There are a few different ways to move files to/from box.rutgers.edu. Most of us use a utility named rclone and below I've detailed how I set it up and use it on Amarel. You'll need to open the Firefox browser on Amarel as part of the setup procedure, so connecting via SSH with the -X or -Y option will be needed. Alternatively, if you can't tunnel a GUI through SSH to your local terminal window, you can complete the setup within an Amarel Desktop session using OnDemand. This setup procedure may seem a bit long and complicated. If it seems like you need help, we'd be happy to have a video chat and walk through it with you.

Setting-up your rclone configuration on Amarel

First, connect to Amarel with X11 tunneling enabled (i.e., using the -X or -Y option). If you're off-campus, you'll need to connect to the campus VPN first (see https://soc.rutgers.edu/vpn for details)

ssh -Y <NetID>@amarel.rutgers.edu

In your terminal window, load the rclone module by running these commands in your terminal window,

module use /projects/community/modulefiles

module load rclone

Setup a new remote connection for rclone:

rclone config

Enter the letter "n" for new and provide a name for your connection. For this example, I've named mine "amarel-box"

For the storage type, enter "7" for Box:
Note: This number may change in the future versions of rclone, please check the list of available options and select an appropriate number.

Storage> 7

You'll be asked for a Box client ID and secret word as well as a Box configuration file and access_token.
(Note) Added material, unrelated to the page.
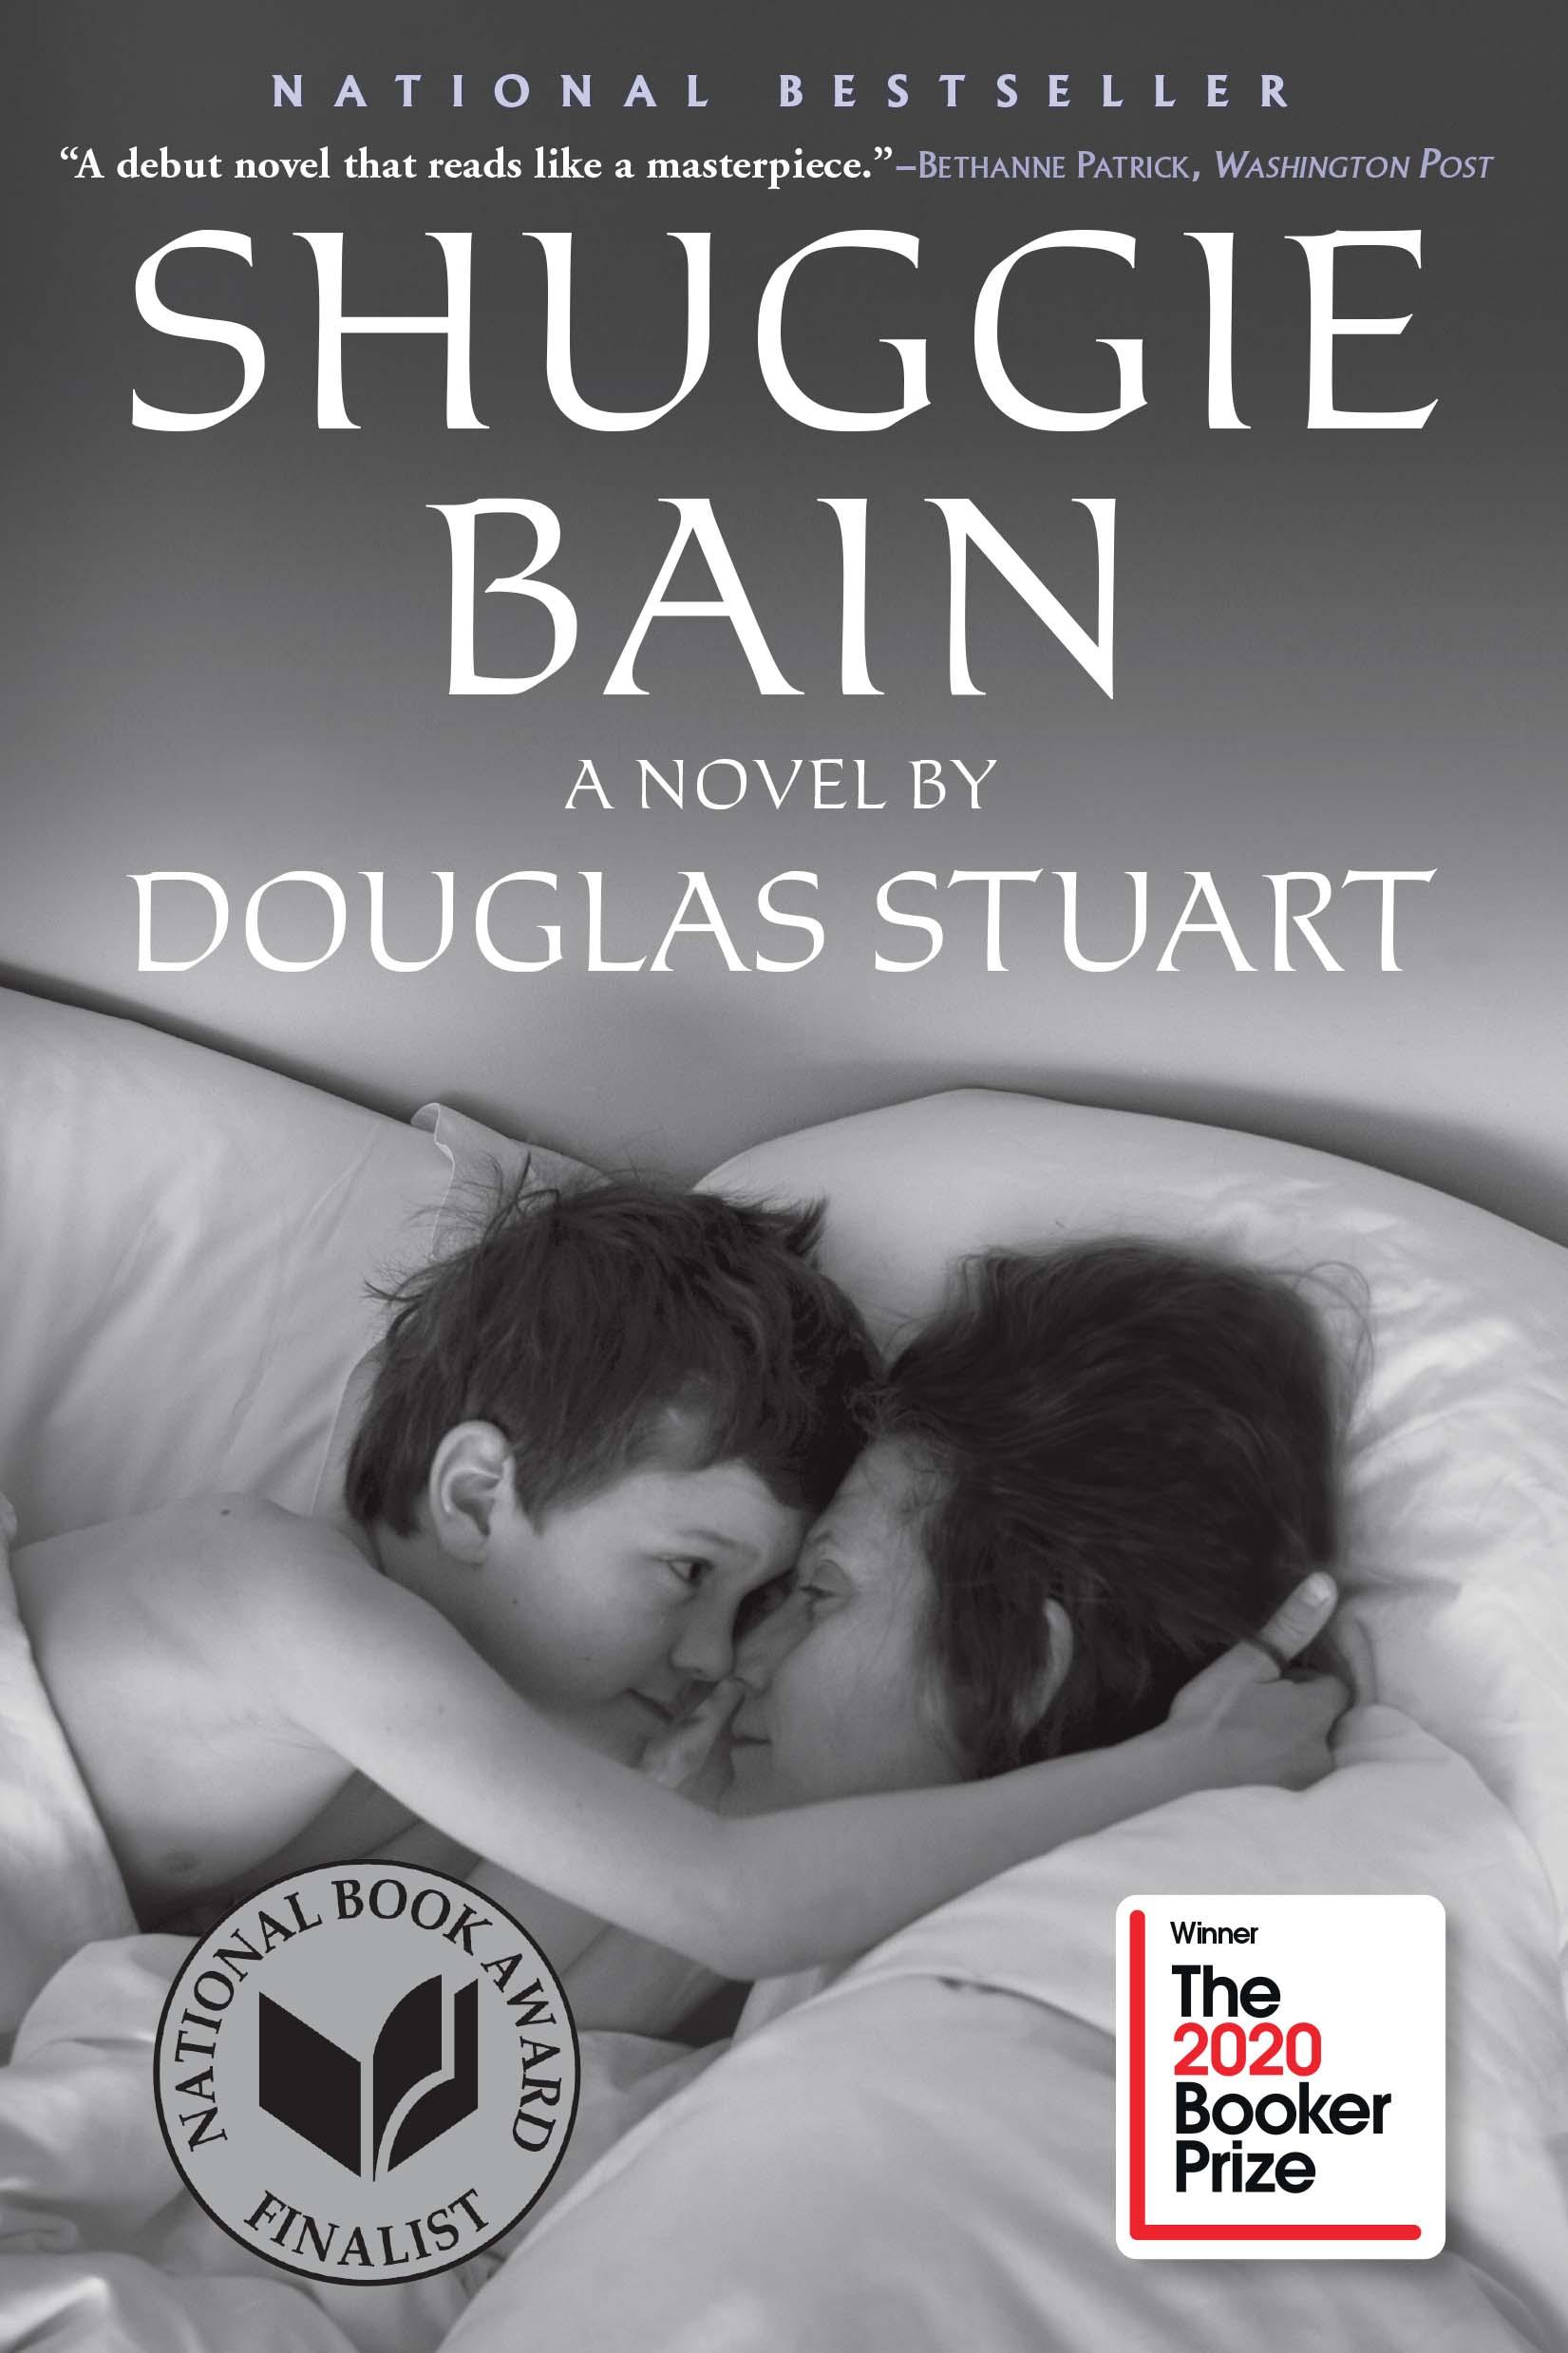 Douglas Stuart Wins Booker Prize for 'Shuggie Bain' (Grove Atlantic)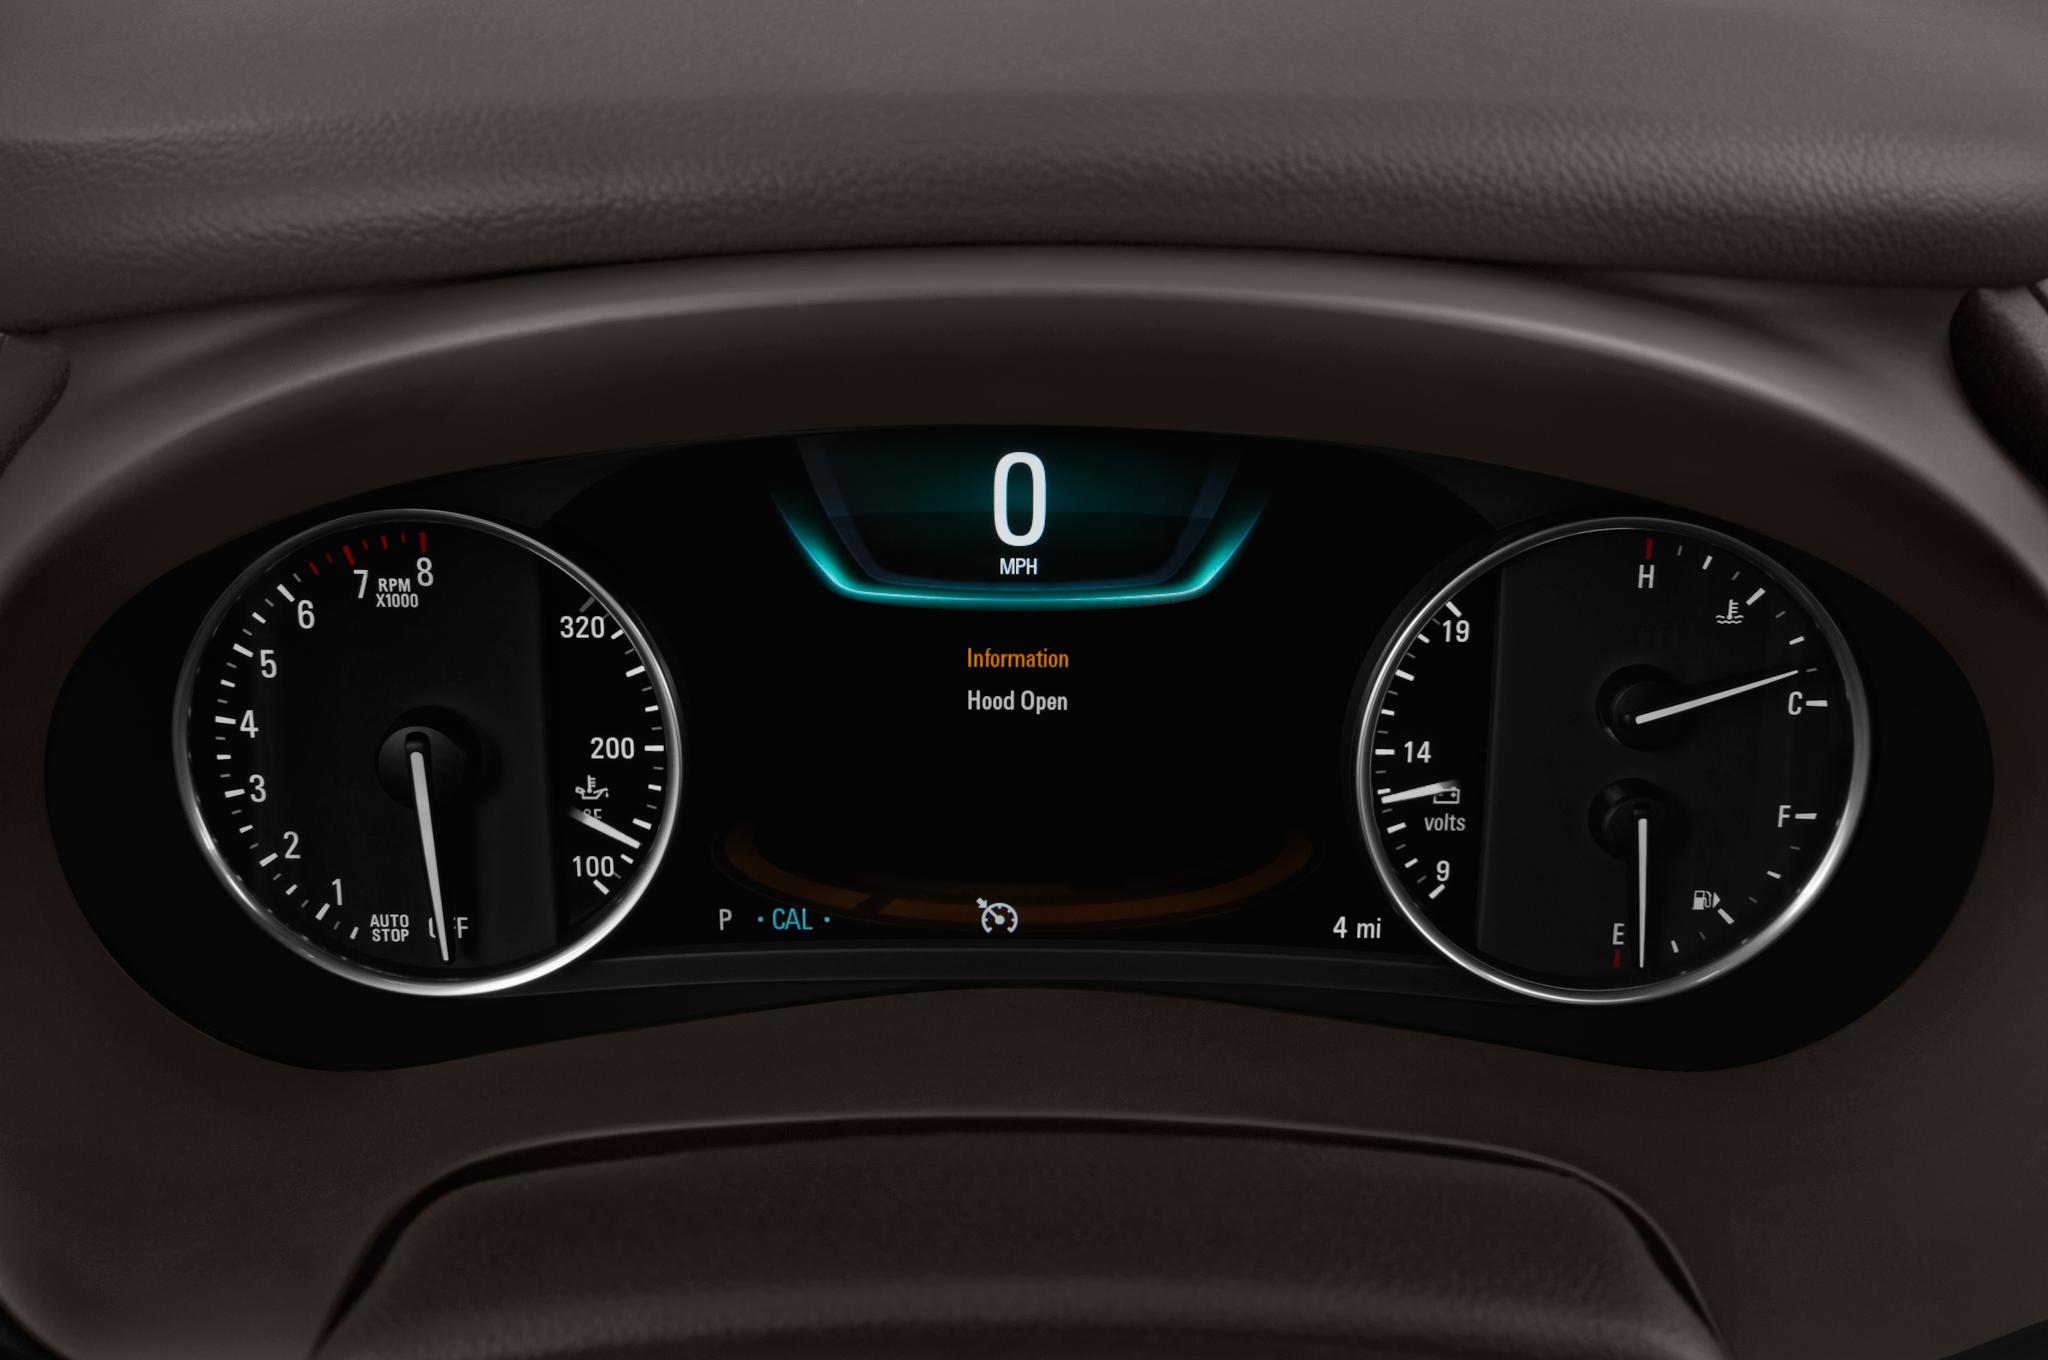 2018 Buick LaCrosse Avenir Gets Upscale Design   Automobile Magazine

You can just press "Enter" to leave these fields blank.

client_id>

client_secret>

box_config_file>

access_token>

Choose a number indicating operation as a user or a service account (operating as a user is the most common configuration):

box_sub_type> 1

Edit advanced config? (y/n) Choose "No"

y) Yes

n) No

y/n> n

Use auto config? Choose "Yes"

y) Yes

n) No

y/n> y

Now, rclone will be waiting for an access code. You'll have to use a web browser (Firefox) window to retrieve it. The http://127.0.0.1:53682/auth?state=xxxxxxx page should load automatically (just wait for it).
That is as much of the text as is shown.